Transformer-Based Synthetic Relational Data
Closing the Gap Between Diffusion-Based and Transformer-Based Synthetic Relational Data Generation
G.W.K. Paardekooper (TU Delft - Electrical Engineering, Mathematics and Computer Science)
Lydia Y. Chen – Mentor (TU Delft - Data-Intensive Systems)
Jeroen Galjaard – Mentor (TU Delft - Data-Intensive Systems)
Christoph Lofi – Graduation committee member (TU Delft - Web Information Systems)
More Info
expand_more
Other than for strictly personal use, it is not permitted to download, forward or distribute the text or part of it, without the consent of the author(s) and/or copyright holder(s), unless the work is under an open content license such as Creative Commons.
Abstract
Data sharing for research and industrial applications faces significant challenges due to privacy constraints and regulatory requirements, driving the need for high-quality synthetic alternatives.
Recent advances in synthetic data generation have demonstrated considerable success for single-table datasets, with emerging research extending these capabilities to multi-table relational scenarios.
While transformer and diffusion architectures achieve state-of-the-art performance in single-table generation, a notable performance gap emerges when applied to relational data, where diffusion approaches consistently outperform transformer-based methods.

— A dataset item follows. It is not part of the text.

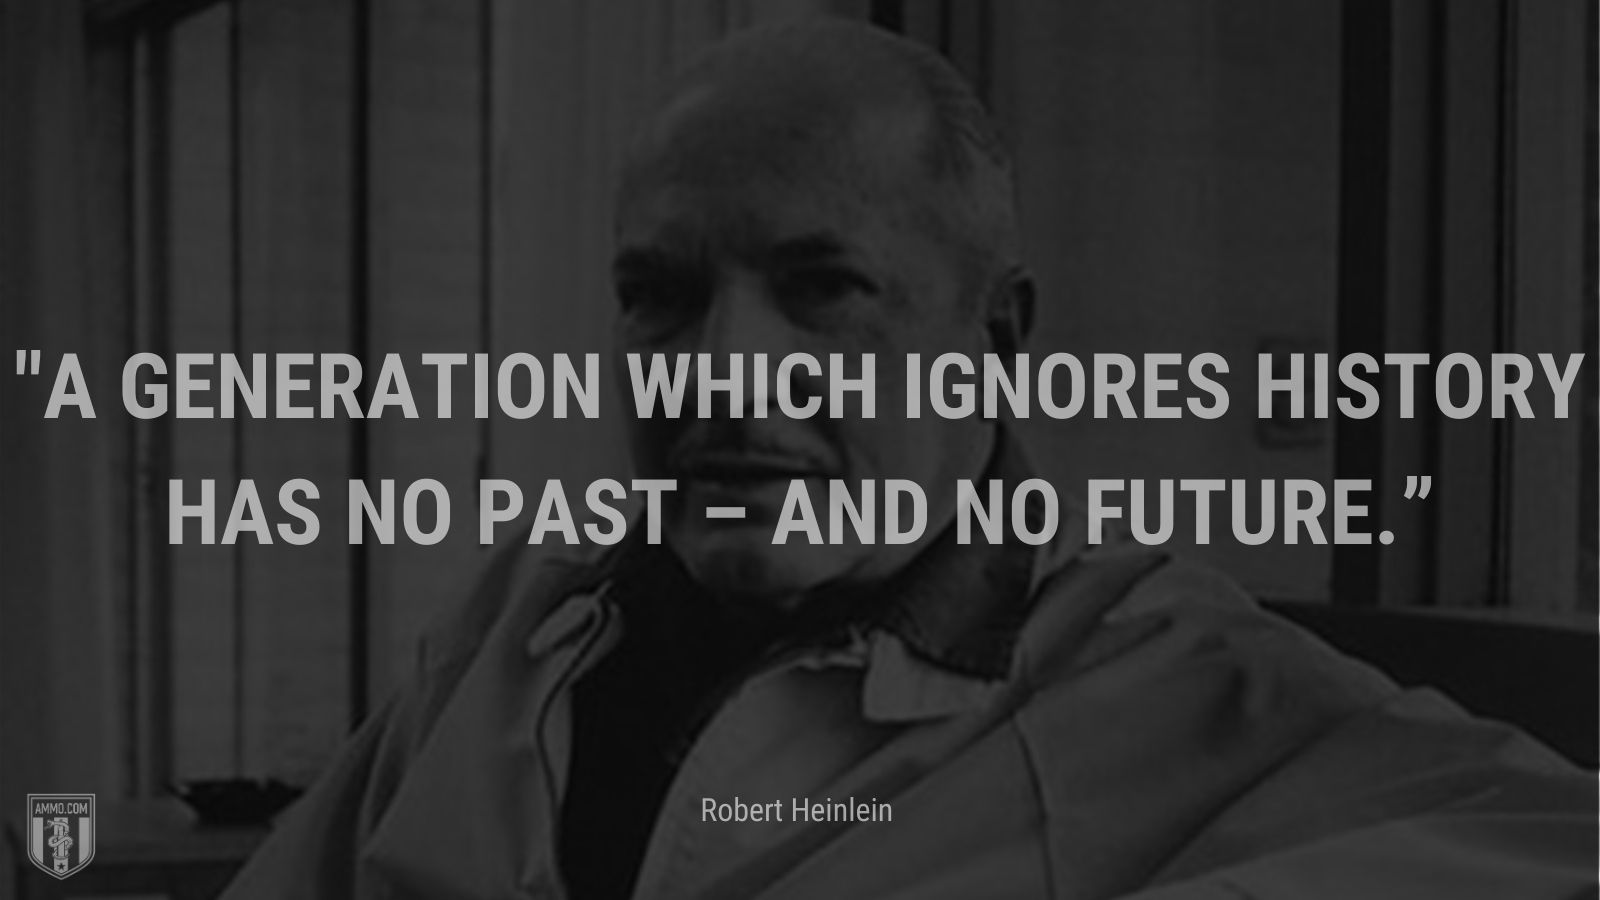 “A generation which ignores history has no past – and no future.” - Robert Heinlein

This thesis examines the factors contributing to this performance difference, conducting an evaluation using multiple baselines across both single and relational tabular datasets, with REaLTabformer and ClavaDDPM as state-of-the-art transformer- and diffusion-based approaches, respectively.
Our investigation reveals that the performance can mainly be attributed to the inadequate processing of contextual relationships and suboptimal strategies for representing inter-table dependencies in transformer-based models.
To close this gap, we introduce two changes for transformer-based models: layer sharing to enhance parameter utilization and contextual encoding to better preserve the relational structure.
These changes provide insight into the key design principles behind effective synthetic relational data generation using transformer-based models, particularly the need for architectures that account for context and facilitate practical knowledge transfer.
The proposed methods result in substantial performance improvements, with a 1.52-fold improvement in Logistic Detection and a 1.94-fold reduction in the Discriminator Measure metric.